▶ [YOUR TASK]:
The answer must reproduce the listing exactly, with every picture left out.

▶ [DATASET SECTION]:
──────

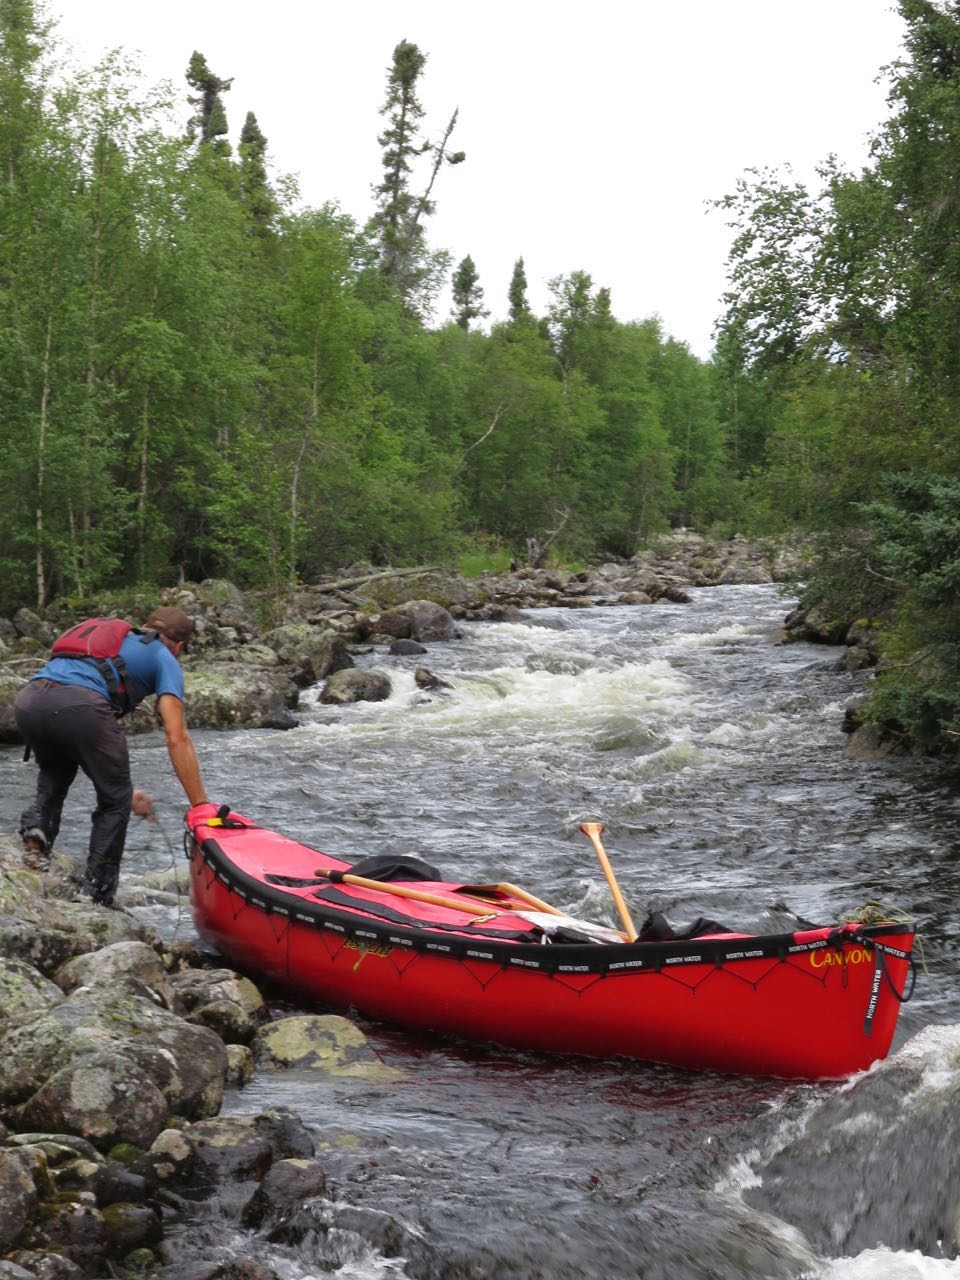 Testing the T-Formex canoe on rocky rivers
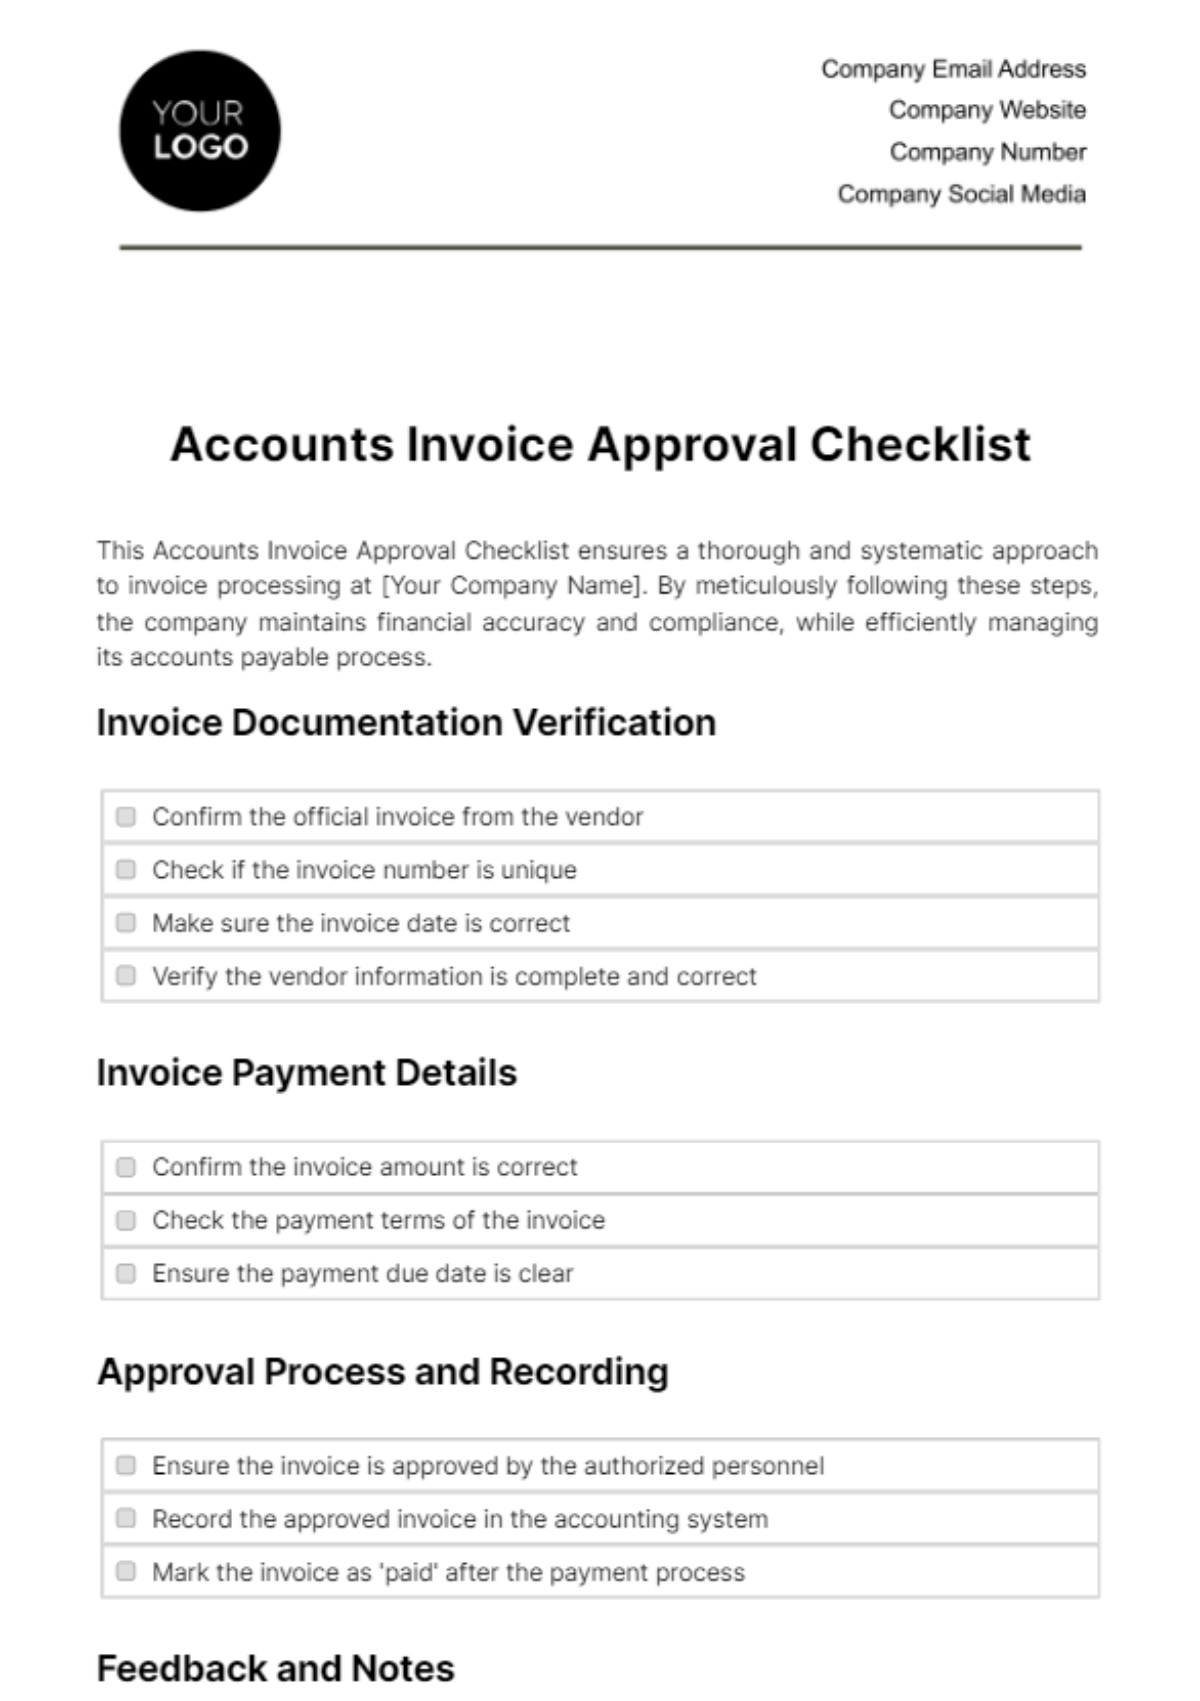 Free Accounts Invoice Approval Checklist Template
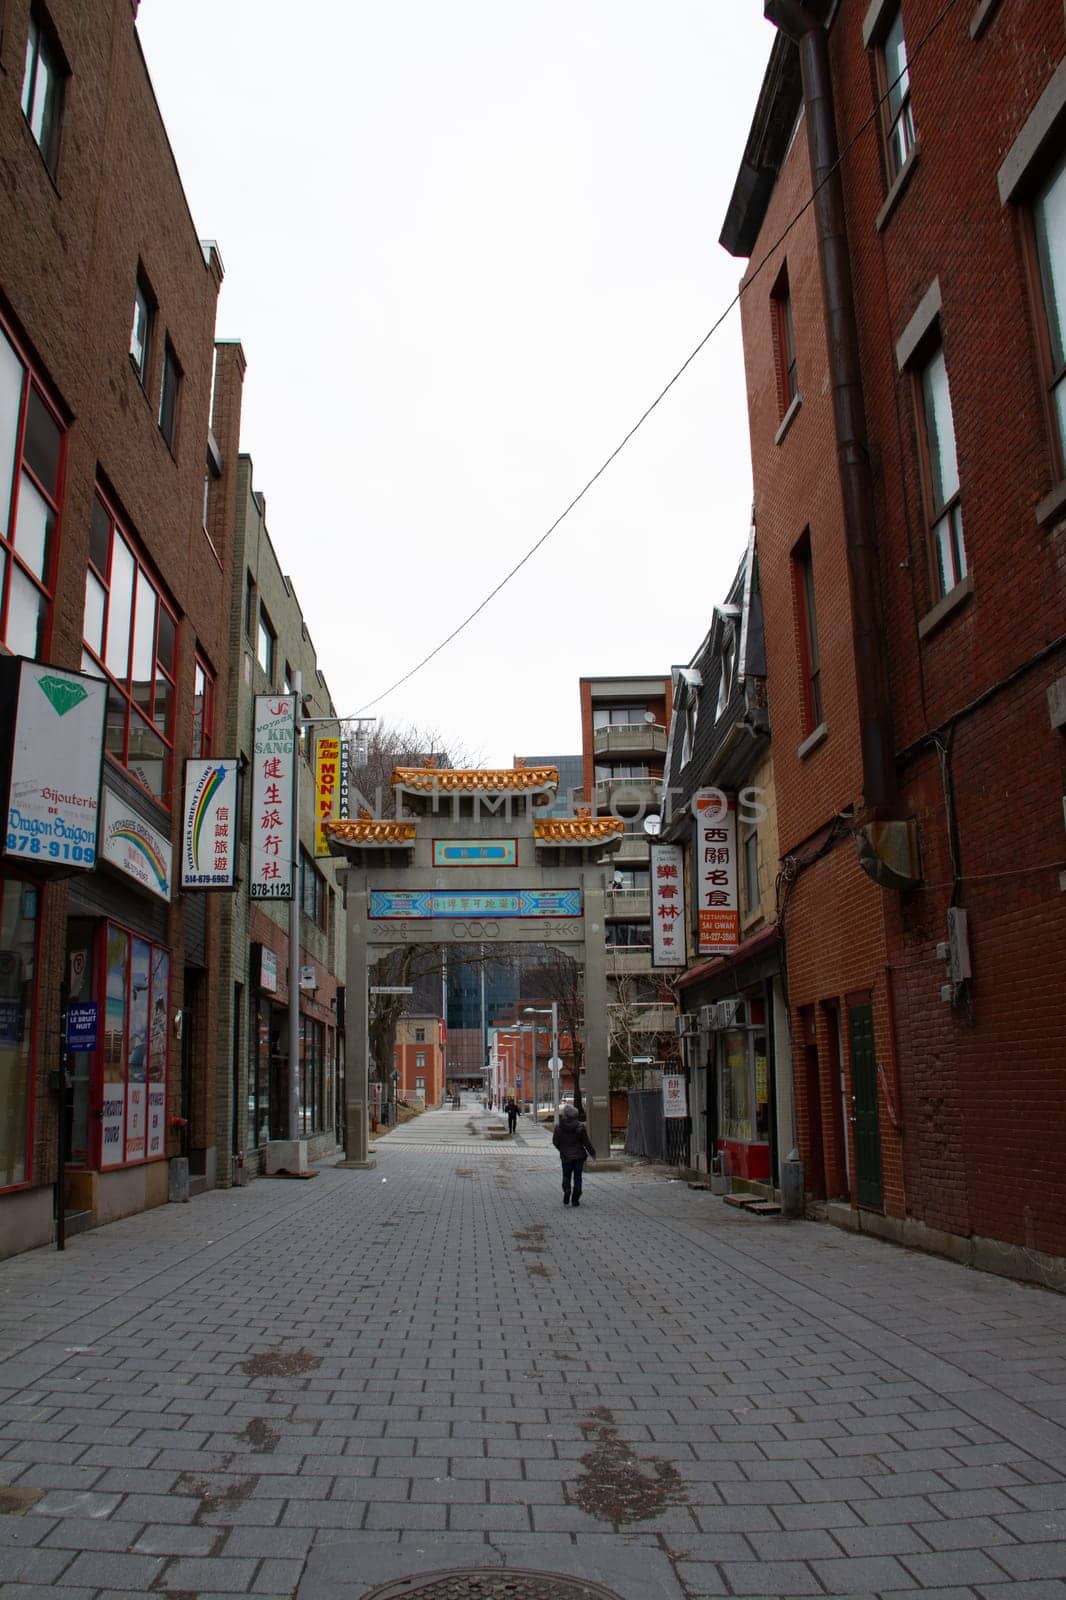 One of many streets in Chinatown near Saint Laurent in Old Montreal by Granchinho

──────

▶ [RESPONSE]:
 Testing the T-Formex canoe on rocky rivers
 Free Accounts Invoice Approval Checklist Template
 One of many streets in Chinatown near Saint Laurent in Old Montreal by Granchinho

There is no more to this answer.